Pakistan's Mohammad Asif plots Test comeback -- in Norway

OSLO - Pakistan's Mohammad Asif has ended up playing in Norway as he plots a return to Test cricket, five years after a notorious spot-fixing scandal, a report said.

Pakistan's Mohammad Asif was caught bowling no-balls to order against England at Lord's in 2010 and was subsequently jailed

Asif, 33, told the Cricinfo website he was playing with Oslo's Christiania Cricket Club to work on his fitness and was "100 percent sure" he'd play for Pakistan again.

Asif was caught bowling no-balls to order against England at Lord's in 2010, an offence that landed him with a jail term and a five-year ban.

"One of my friends called me to ask me to come and play some cricket," he said, of his arrival in the cricketing backwater.

"There's good weather for training -- that's why I came here.

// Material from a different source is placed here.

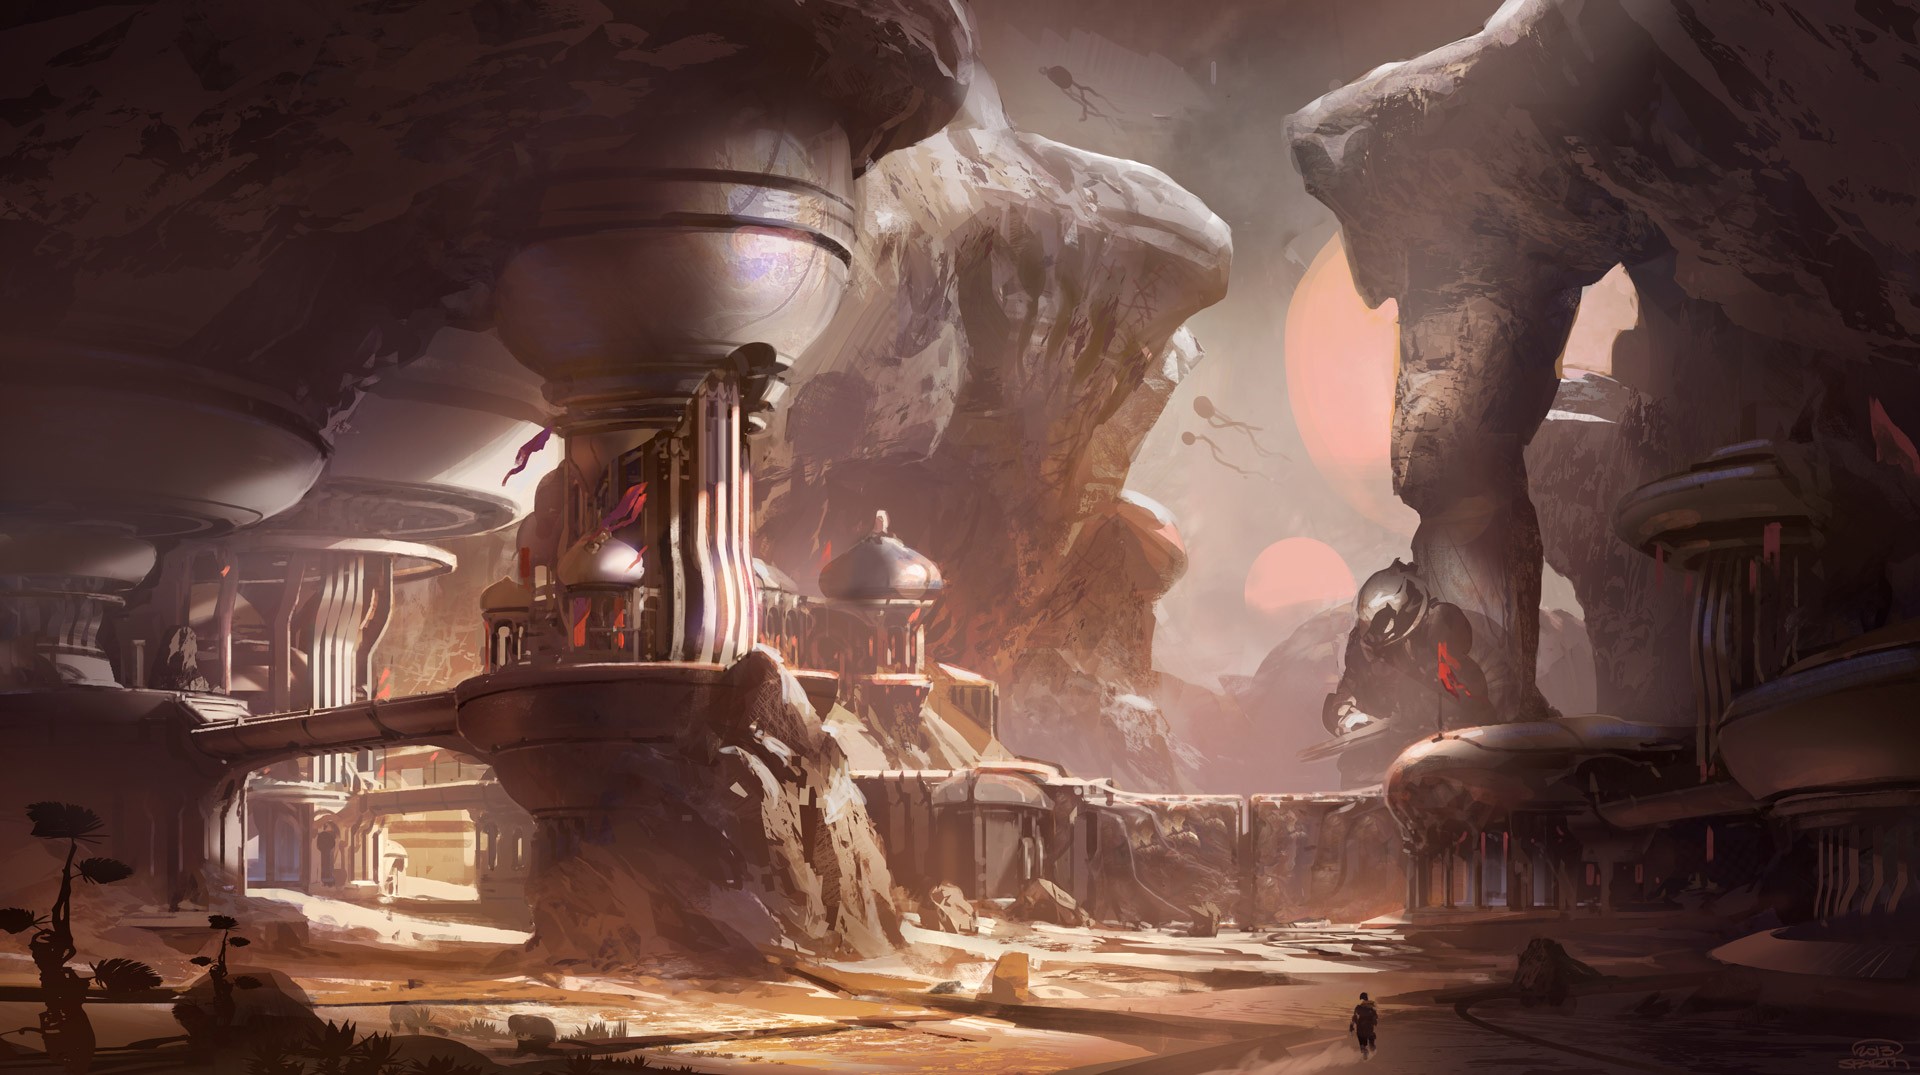 Halo-4-Guardians-Gets-Concept-Art-More-Details-from-Frank-O-Connor-442577-2.jpg

The cricketing standard is not too high but it's still cricket."

Asif's one-time new-ball partner Mohammad Amir, now 24, is back in the Pakistan squad despite his involvement in the spot-fixing and is in line to return to Test cricket -- uncannily, at Lord's -- next month.

But Asif and Salman Butt, their former captain who was also punished over the scandal, remain outside the international fold.

"Hopefully I will do well in Pakistan and get selected for the national team for the tours to New Zealand and Australia," Asif said, referring to Pakistan's two series from November to January.

"It's quite difficult after five years to come down and bowl fast but I'm a different kind of bowler," he added.

"I'm not like a 100-mile bowler -- I'm more dependent on swing and seam, they're my main weapons. My pace was always 130 or 135 kph (81-84 mph).

"This (Oslo) is a good pace for swing. I just need good fitness."